Literature DB >> 11917014

Rhodobacter sphaeroides LexA has dual activity: optimising and repressing recA gene transcription.

Angels Tapias1, Silvia Fernández, Juan C Alonso, Jordi Barbé.   

Abstract

Transcription of the Rhodobacter sphaeroides recA promoter (P(recA)) is induced upon DNA damage in a lexA-dependent manner. In vivo experiments demonstrate that LexA protein represses and might also activate transcription of P(recA). Purified R.sphaeroides LexA protein specifically binds the SOS boxes located within the P(recA) region.
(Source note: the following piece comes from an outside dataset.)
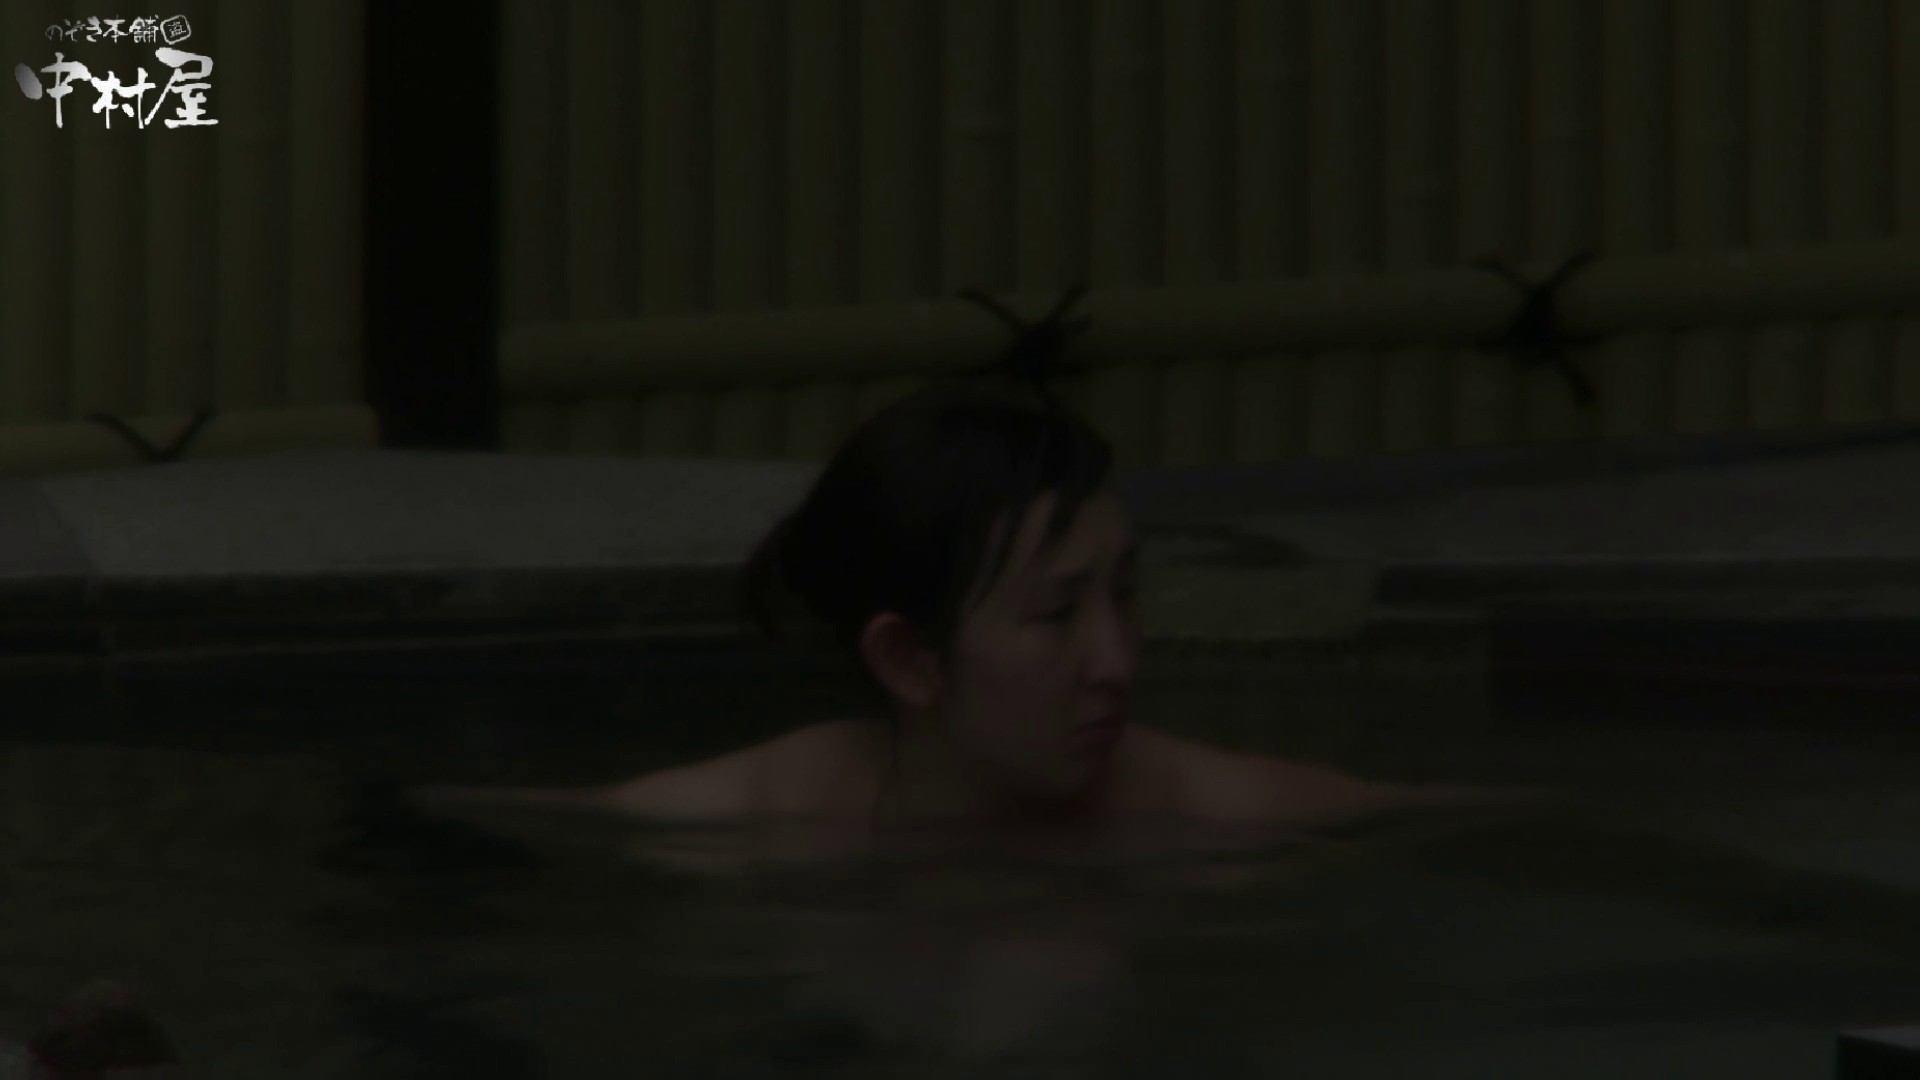 Aquaな露天風呂Vol.948 露天 | 綺麗なOLたち  88枚 1

In vitro transcription analysis, using Escherichia coli RNA polymerase (RNAP), indicated that the presence of LexA may stimulate and repress transcription of P(recA). EMSA and DNase I footprinting experiments show that LexA and RNAP can bind simultaneously to P(recA). At low LexA concentrations it enhances RNAP binding to P(recA), stimulates open complex formation and strand separation beyond the transcription start site. At high LexA concentrations, however, RNAP-promoted strand separation is not observed beyond the +5 region. LexA might repress transcription by interfering with the clearance process instead of blocking the access of RNAP to the promoter region. Based on these findings we propose that the R.sphaeroides LexA protein performs fine tuning of the SOS response, which might provide a physiological advantage by enhancing transcription of SOS genes and delaying full activation of the response.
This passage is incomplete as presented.